See Proxy APIs and CLI Flags for the full response schema. To turn this node inventory into a directed, weighted topology of the actual data flow — joining it with the queue metrics for per-edge throughput, latency, and errors — see Cluster Topology Rendering.

This simplifies integration with:

  • Cluster dashboards
  • Automated operations (e.g. scheduled checks before resharding / scaling)
  • Higher-level diagnostics tooling that needs a consistent cluster graph

Cluster Lifecycle and Group Information

Beyond topology, the Proxy aggregates per-group lifecycle data and per-pod lifecycle reports from the agents.

Lifecycle API

  • GET /cluster/lifecycle
    • Triggers lifecycle-data collection from all agents that support the lifecycle stream and returns JSON with two sections:
      • groups — group lifecycle information (group name, catalog type, resource options such as shard count / segment interval / TTL, and data info), collected from the first agent that provides it (typically the liaison node).
      • lifecycle_statuses — per-pod lifecycle reports, i.e. the JSON report files read from each agent’s lifecycle report directory.
    • Agents that do not support the lifecycle stream are silently skipped.

This allows:

  • Verifying group / resource-option consistency across the cluster
  • Reviewing lifecycle (rotation / TTL / migration) reports per node
  • Correlating group settings with observed behavior during incident triage

Crash Diagnostics API

  • GET /diagnostics
    • Aggregates crash diagnostic records (structured panic records and on-disk crash artifacts) from all connected agents, with optional role and pod_name filters.

See Proxy APIs and CLI Flags for the full request/response schemas of both endpoints.
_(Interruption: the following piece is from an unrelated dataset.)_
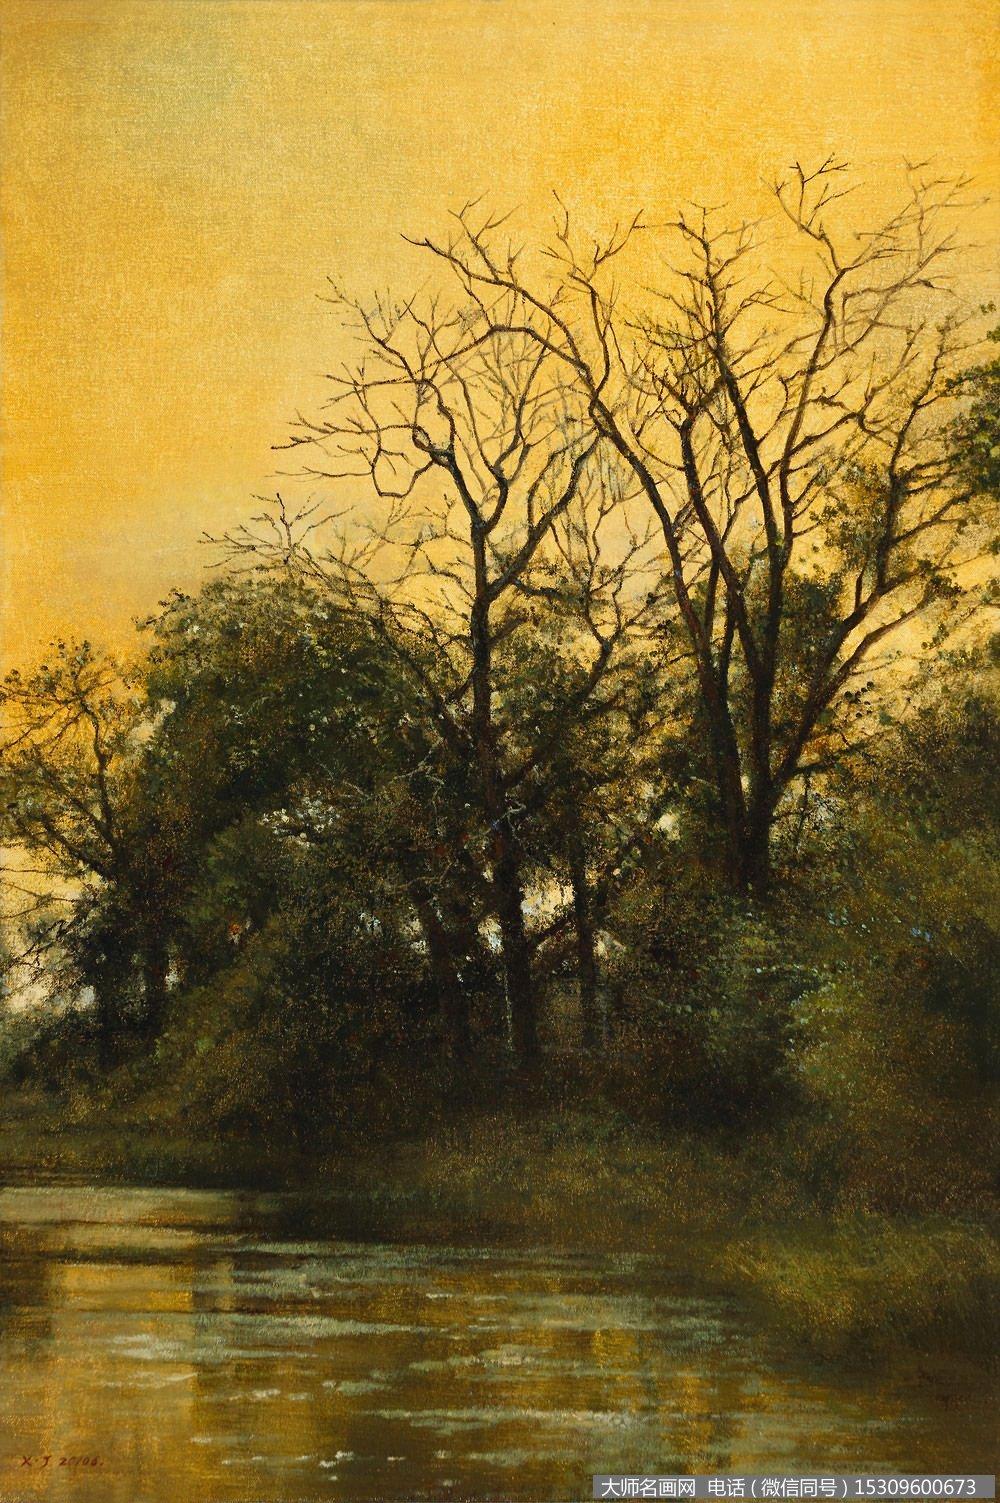 薛军风景油画《俄罗斯纪行之五》欣赏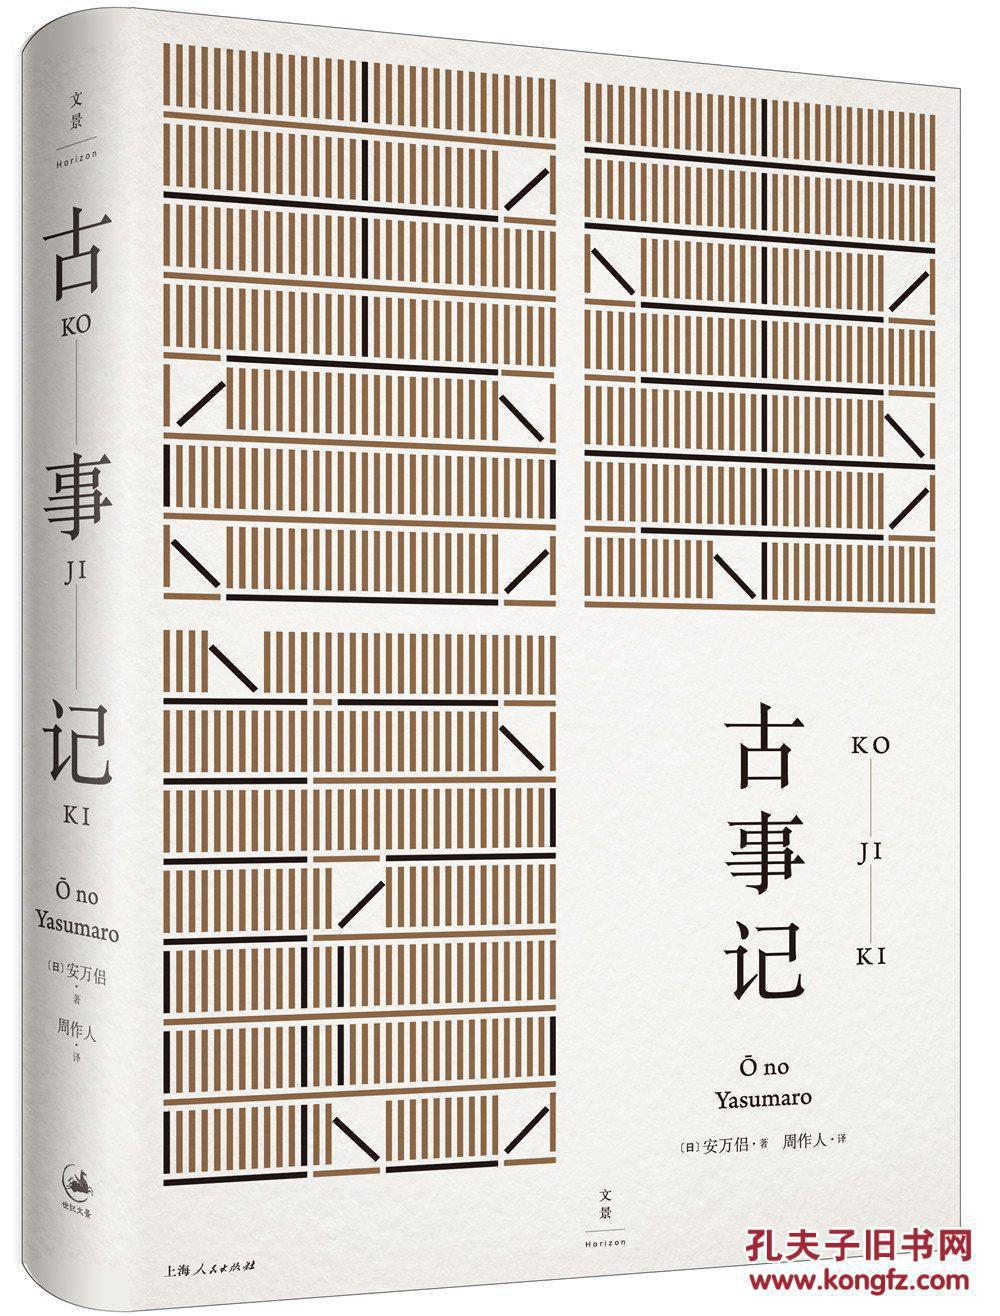 四本,分草子:日本文字典范之随笔《枕别为》日本第一部文学sm情趣暴露狂经历图片

On-Demand Performance Profiling and Memory Snapshots

On-demand diagnostics are the first non read-only capability exposed by FODC. They enable deep performance analysis while carefully controlling overhead.

Design Principles

  • Opt-in and controlled
    Diagnostic actions are only triggered through explicit API calls to the Proxy.
  • Local execution, remote control
    Agents perform the heavy work (profiling, snapshots) on the local node; the Proxy only orchestrates.
  • Low default footprint
    By default, Agents run in low CPU / low memory mode and do not perform expensive diagnostics.
  • Burst resource usage when needed
    Extra CPU/memory budget is mainly consumed only during active profiling or snapshot sessions.

Typical On-Demand Actions

Exact APIs may vary by implementation, but commonly include:

  • CPU profiling
    • Short-term CPU usage profiling (e.g. pprof)
    • Useful for identifying hot code paths under load
  • Heap / memory snapshots
    • Captures heap allocation state for leak or fragmentation analysis
  • I/O / lock contention profiling
    • Optional profiling of DB internal lock contention or I/O stalls
  • Configuration snapshot on demand
    • Force a re-capture of configuration and runtime flags at a specific point in time
  • Apply RBAC or other authorization controls on Proxy APIs

Summary

FODC provides:

  • Unified, structured observability for BanyanDB clusters (metrics, topology, configuration)
  • Prometheus-friendly interfaces for easy ecosystem integration
  • On-demand deep diagnostics (profiling, memory snapshots) orchestrated centrally but executed locally
  • A lightweight, extensible Proxy + Agent architecture that respects resource constraints

This makes FODC a foundational component for reliable operation, performance analysis, and automated troubleshooting of BanyanDB deployments.